Local storytelling that’s worth a Fortune

Play by New Brunswick playwright turned into a thirteen-part podcast

 

How far would you go to bring yourself back to your senses?

 

Lowell Garish’s grandmother has just died. In an effort to find himself in his newly-quiet world, he travels from Halifax, Nova Scotia to Tofino, British Columbia, including a pitstop in Sackville, interviewing locals of each town he stops in. When the world slowly starts evolving around him, his documentary of noise starts to change in a terrifying way.

 

Lowell’s story, and the stories of fictional strangers from across Canada, is the topic of Fredericton-based playwright Ryan Griffith’s script Fortune of Wolves. The show premiered in 2017 through Theatre New Brunswick in Fredericton. It consists of four actors who each become the characters Lowell meets on his journey. The show includes 60 plus monologues that are chosen at random by the actors before each show.

 

When the pandemic began, theatre artists across the world had their professional lives go dark.

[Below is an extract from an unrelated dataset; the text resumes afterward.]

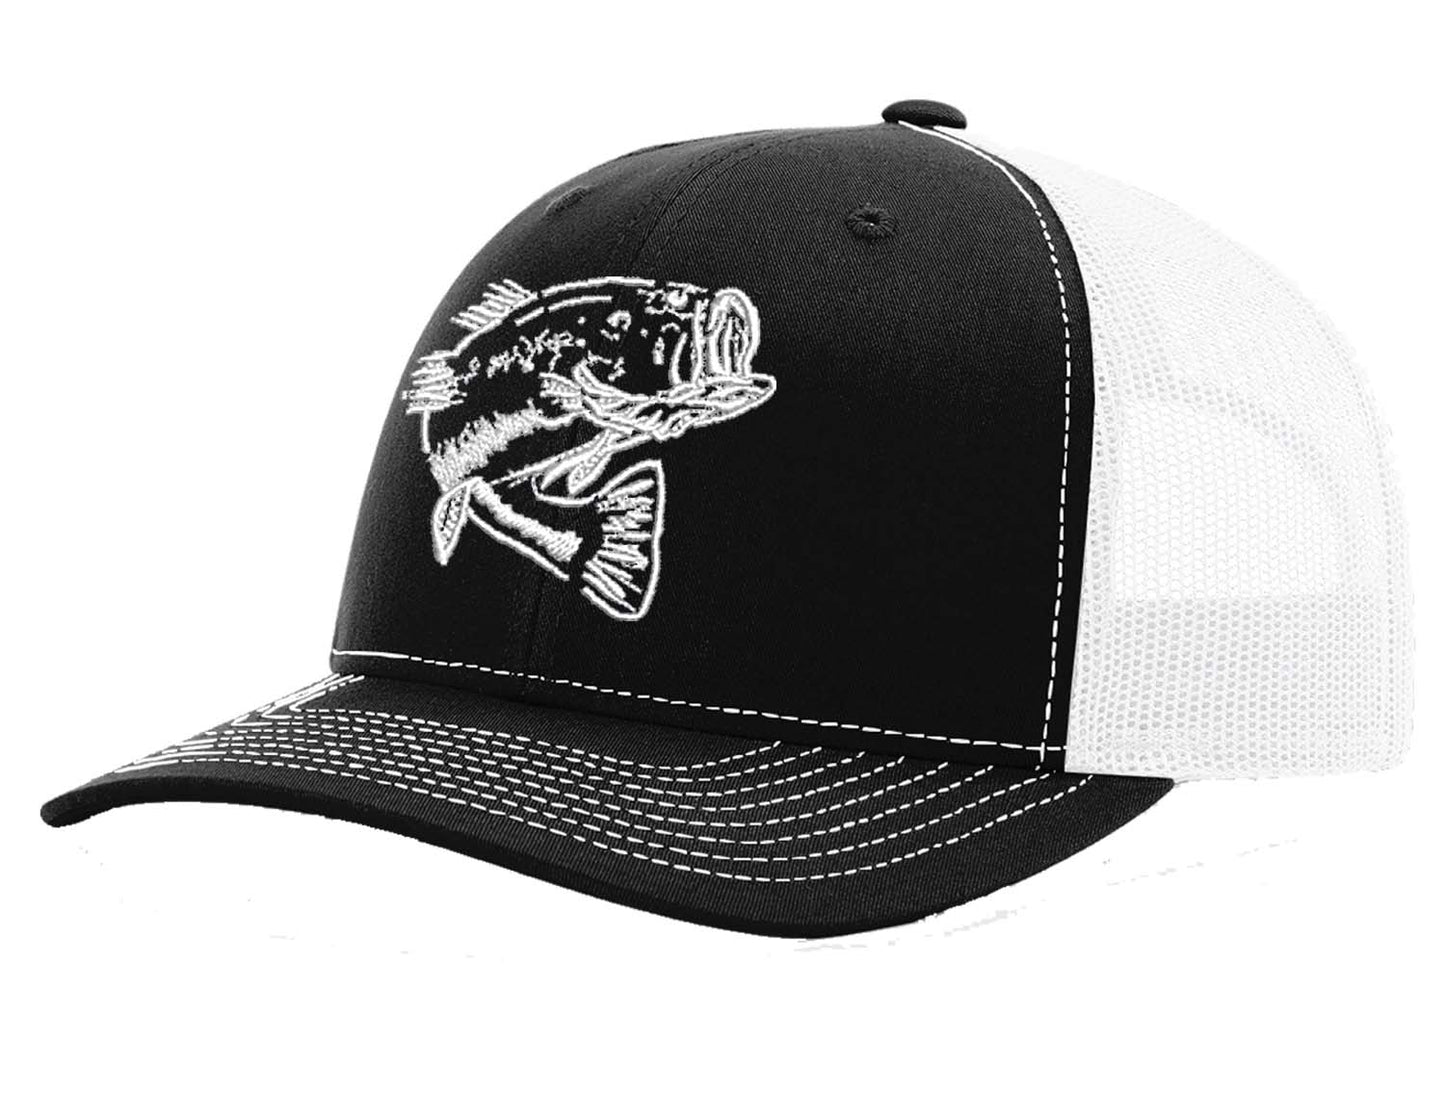 New Bass "Reel Hawg" Structured Trucker Hat - Black/White Mesh - White Bass logo
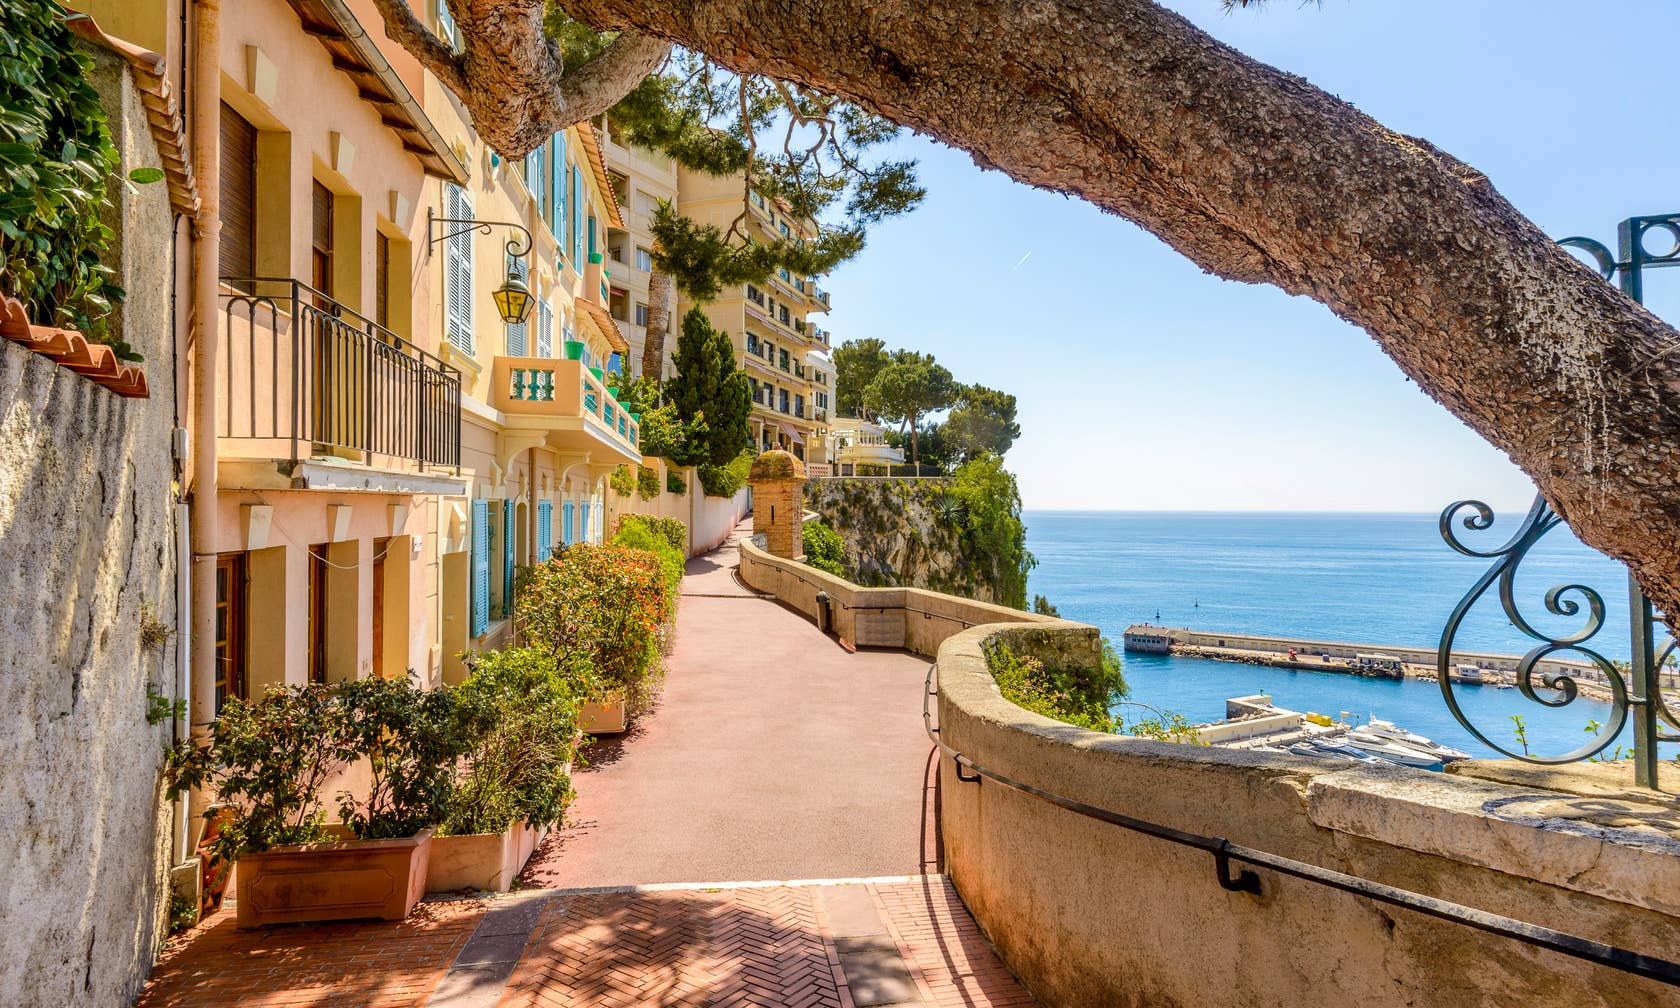 Bérbeadó nyaralók itt: Monaco

That was when Matt Carter, the Director of Development and Communications at Theatre New Brunswick and headrunner of the website Grid City Magazine, proposed an idea to Griffith: with no opportunities to create theatre in the newly-quiet world, he wanted to give people a safe way to create theatre through the use of their voices. With the home-grown, documentary-style of Fortune of Wolves, Carter and Griffith began the process of telling Lowell’s thirteen-month story. 

 

Griffith and Carter reached out to their community to find performers to bring the story to life. The cast consists of people that the artists know or had been interested in working with for some time. 

 

“We hadn’t seen some of these people for a while because of the pandemic. It felt like we were still doing something, even though the pandemic was going on.” said Griffith.

 

The performers in the podcast, surprisingly, are not all actors. The project consists of 66 people from all walks of life, including actors, visual artists, comedians, baristas, servers, social workers, and even a yoga instructor.

 

“Not all the performers have theatre backgrounds. There’s stand up comedians, visual artists, spoken word artists,” said Griffith. “We weren’t really trying to populate the performance with professional actors. We kind of wanted it to kind of have a kind of down-to-earth feeling. We wanted them to have the ticks of real people.”

 

Originally, Carter came up with the idea to hire actors to record themselves bringing the characters to life over their cell phones. When the sound qualities of differing cell phones were not consistent enough, the cast instead recorded live in Theatre New Brunswick’s space in the Industrial Park in Fredericton. However, Their recording booth was unlike any other; the podcast was recorded in a costume storage shop. Setting up what Carter described as a ‘little nest’ in their makeshift sound booth, the crew recorded at least one monologue a week. Griffith was present, giving socially-distanced directions, while Carter listened to the actors work their magic through headphones with an incredibly long attachment cord. 

 

“The best place to get sound was in the wardrobe storage area—aisles and aisles stuffed with shirts and dresses and pants and suits and whatever else. Great for sound dampening,” said Carter.

 

After gathering feedback from a small group of their peers, the story Fortune of Wolves came to life and was produced by Big Noise Audio Collective and presented by Theatre New Brunswick. This story did not come to life without extensive editing work and dedication from the creative team, though. With Carter in charge of the recording, editing and sound design, it was a gigantic job to accomplish, but one he was proud to take on.

 

“It was like, ‘Holy cow, this is gonna be a lot of work to stitch together now!’ But just seeing what everybody brought to the project to meet all these people and to work with them live… everybody’s interested in the project, everybody’s love of the script, was [a] real good motivator to see the project through,” said Carter, “I think it speaks well to Ryan’s writing.”